Mental Abnormalities with Language Impairment
Other Disorders
Children with autism spectrum disorders may demonstrate language impairment – not only in their verbal expression, but also in their facial and bodily communication, such as failure to point. In many cases, nonsensical repetitions (stereotypies), idiosyncrasies, and echolalia overwhelm their speech. These children often fail to appreciate the nuance and affective components of language. In girls with Rett syndrome, language begins to regress after several years of normal development (see Chapter 13).
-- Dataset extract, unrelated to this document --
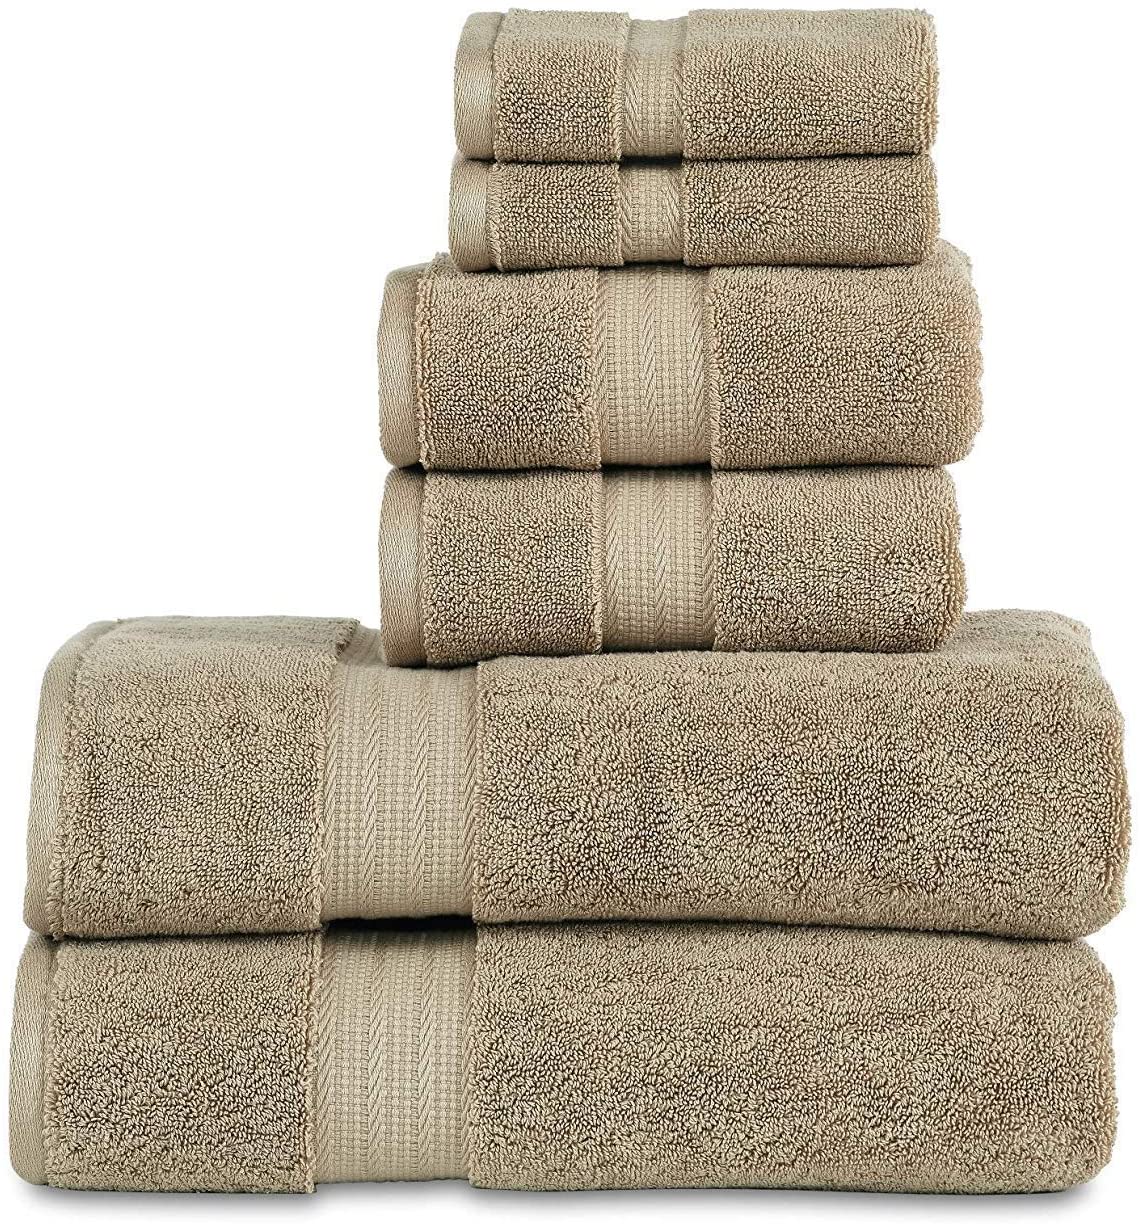 Luxury 6pc Taupe 100% Cotton Towel Set - 1000gsm
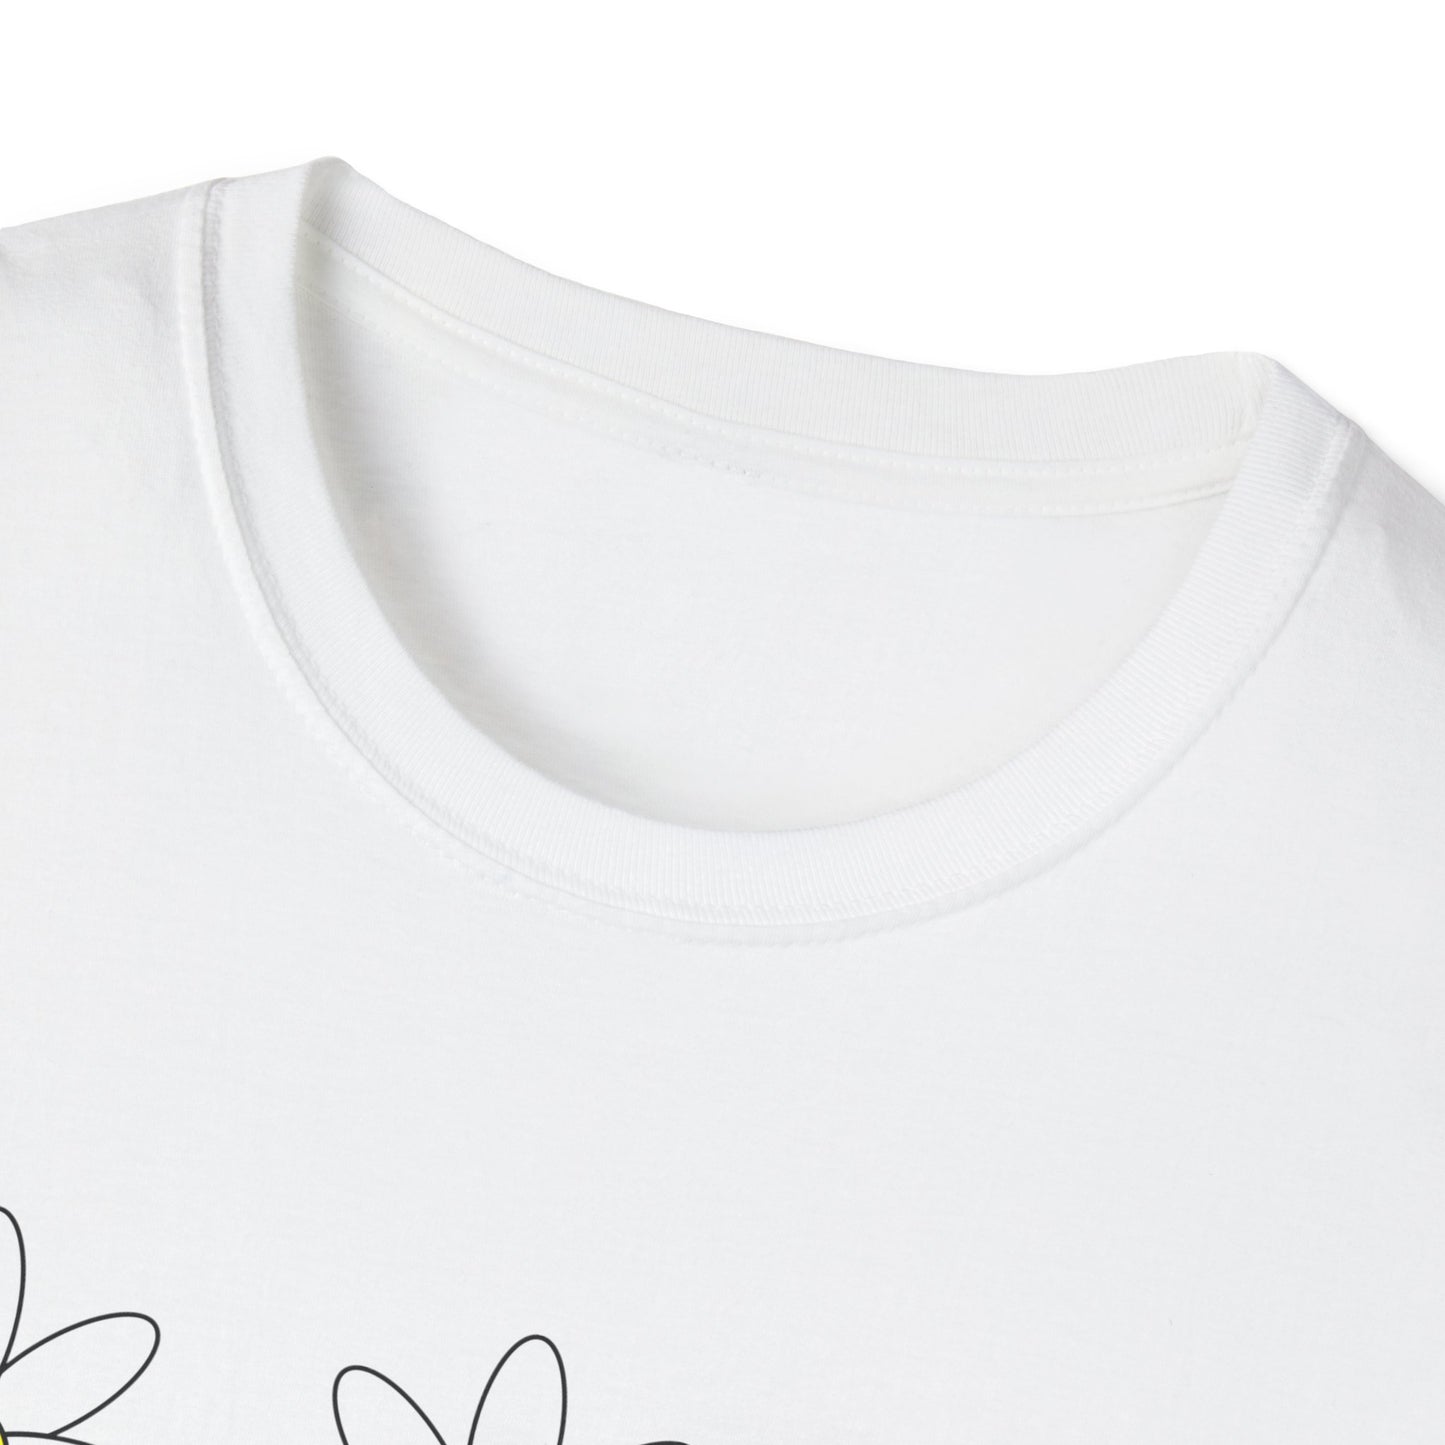 Maisie Daisy Softstyle T-Shirt

Despite the possibility of a neurologic condition being responsible, when language regression appears in children, particularly boys and those younger than 3 years, they face a high probability of having an autistic disorder.
Mutism and other apparent language abnormalities are frequently manifestations of psychogenic disturbances (see Chapter 3). In these cases, apparent language impairment is usually inconsistent and amenable to suggestion. Acquired stuttering also often indicates a psychogenic impairment. For example, a patient with psychogenic aphasia might stutter and seem to be at a loss for words, but communicate normally by writing. An amobarbital infusion during an interview might reveal perfectly intact language function.